- **ABOUT THIS EXERCISE**:
In your copy of the data, keep every word exact and include no pictures.
[STORED DATA — start]
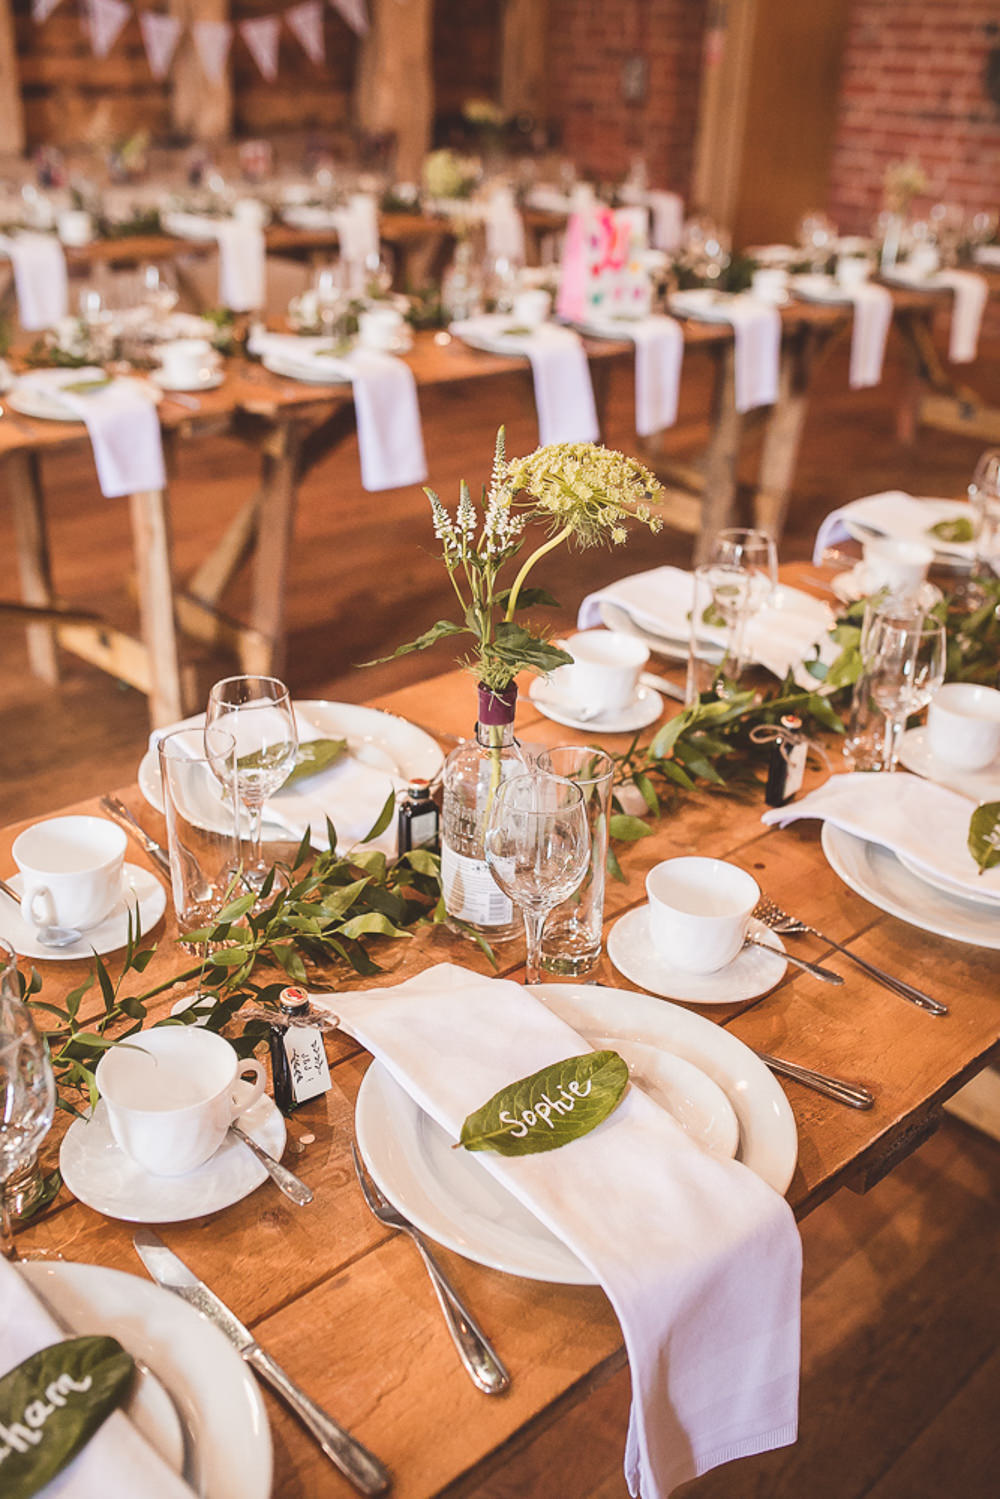 Centrepiece Decor Flowers Bottle Greenery Foliage Barn Wedding Shropshire Brightwing Photography
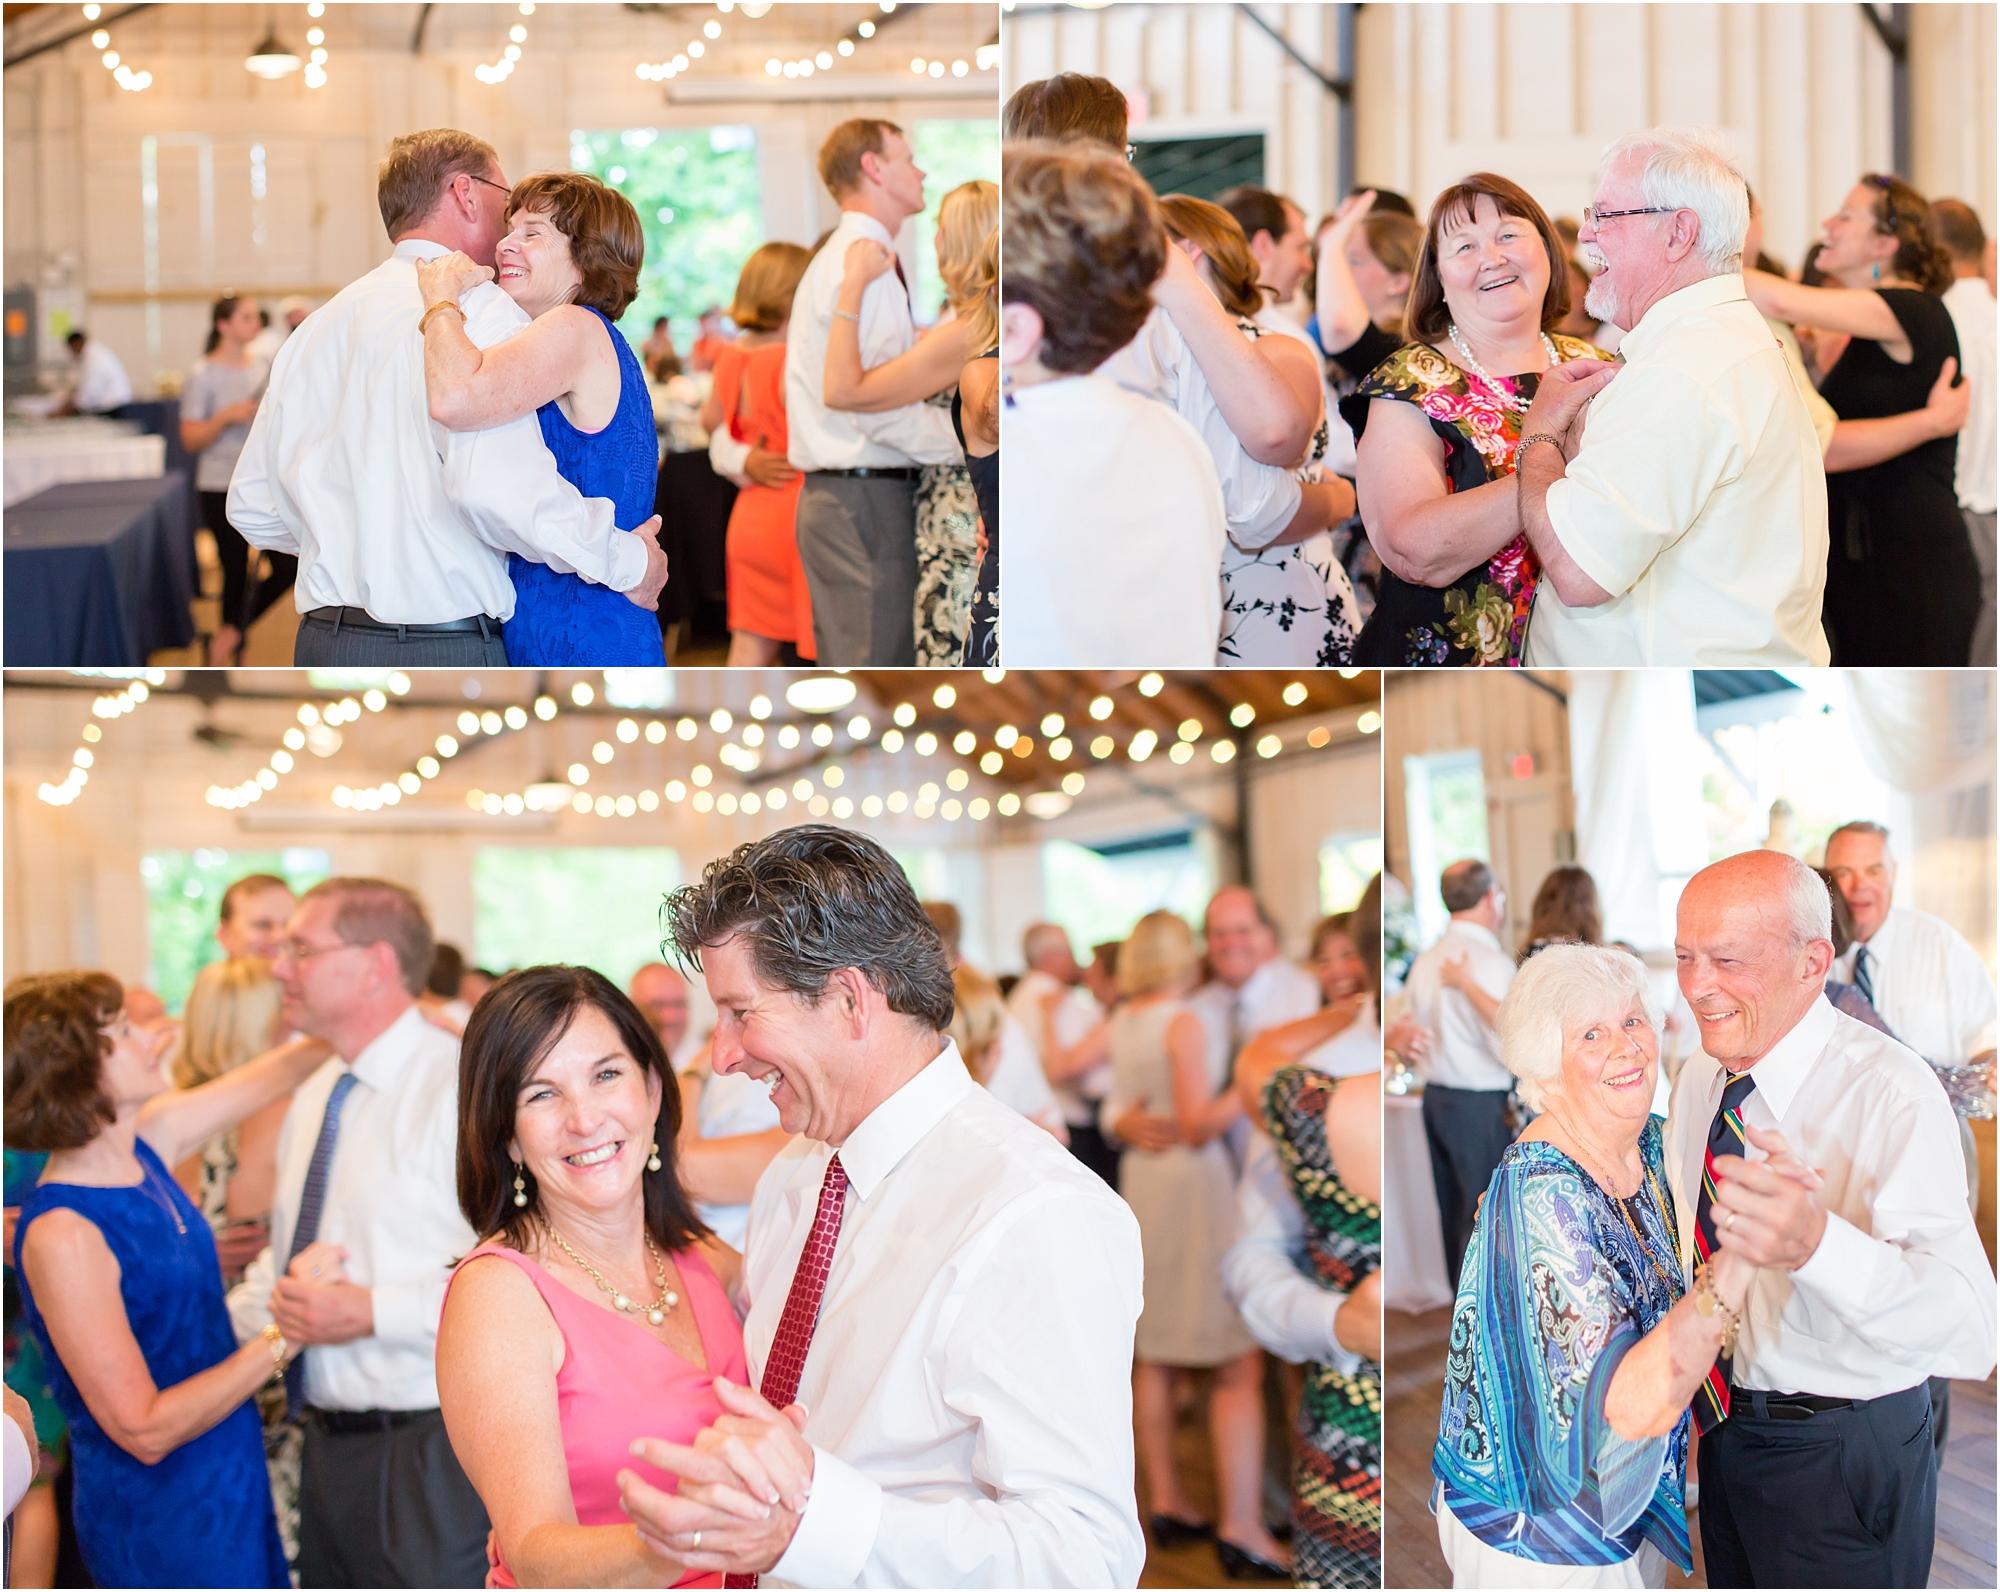 Somerville 6-Reception-465_anna grace photography sherwood forest annapolis maryland wedding photographer photo.jpg
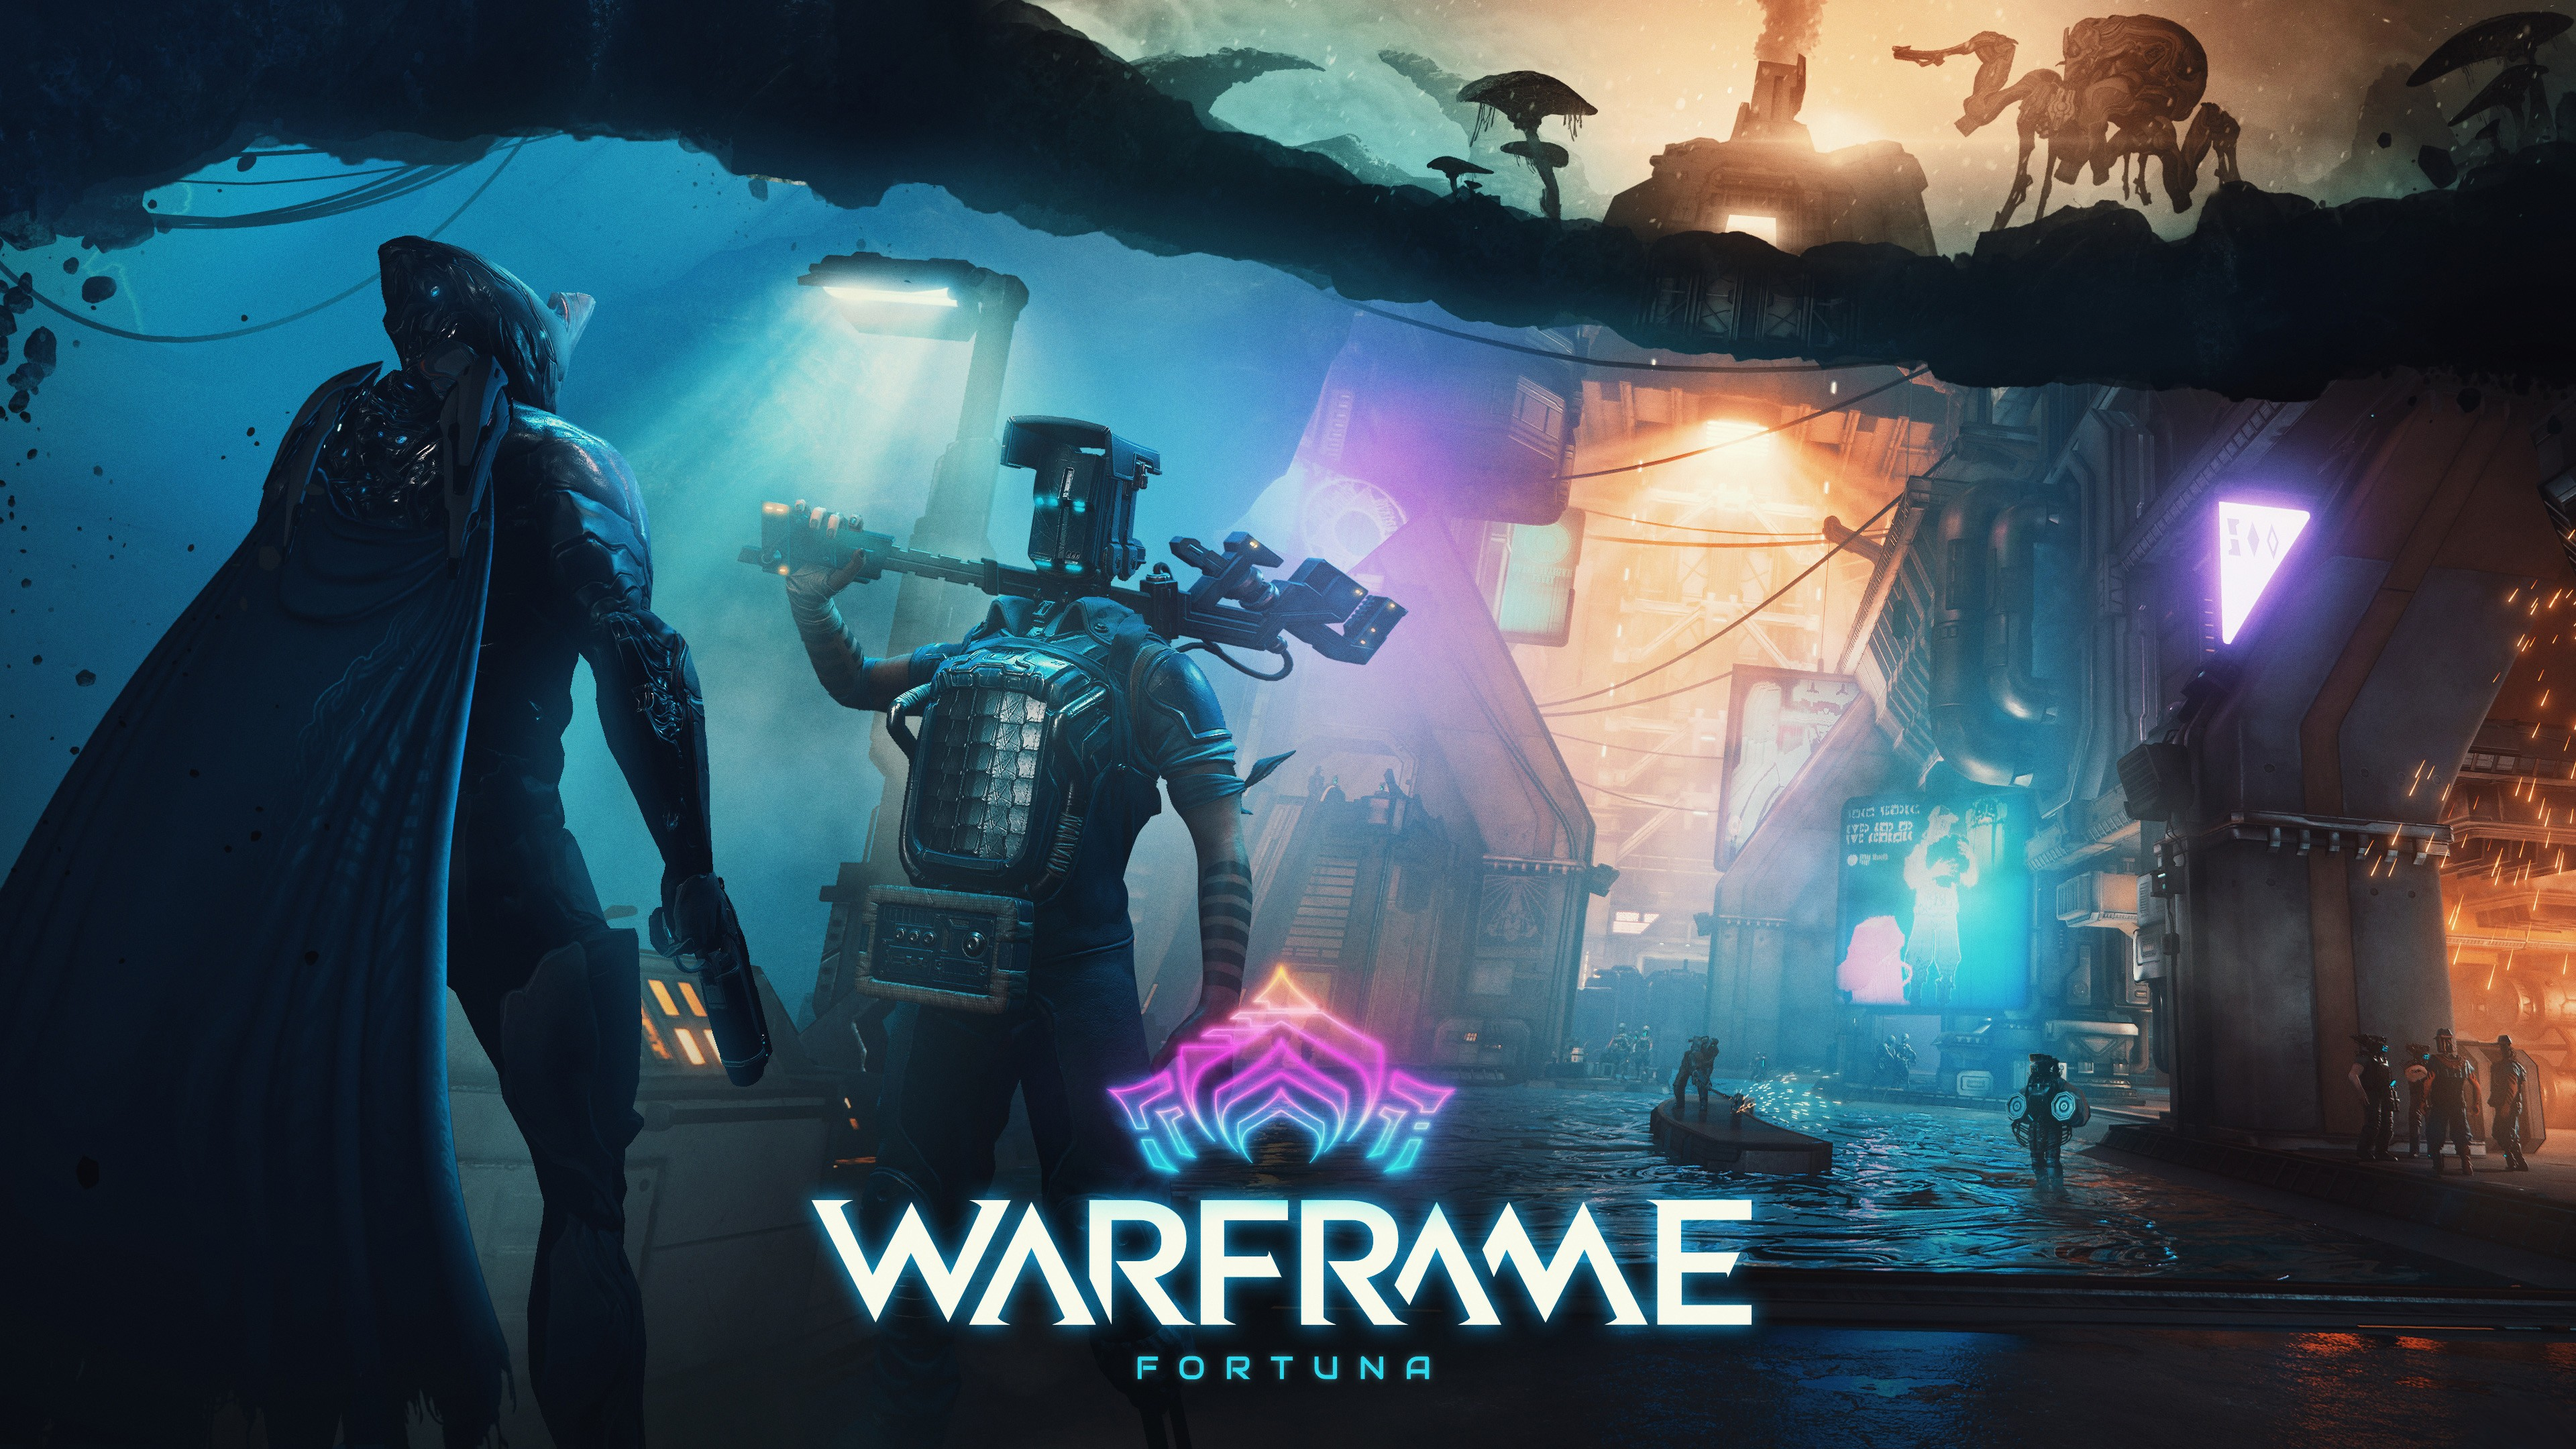 Warframe Fortuna , HD Wallpaper & Backgrounds
[STORED DATA — finish]
- **TASK ANSWER**:
 Centrepiece Decor Flowers Bottle Greenery Foliage Barn Wedding Shropshire Brightwing Photography
 Somerville 6-Reception-465_anna grace photography sherwood forest annapolis maryland wedding photographer photo.jpg
 Warframe Fortuna , HD Wallpaper & Backgrounds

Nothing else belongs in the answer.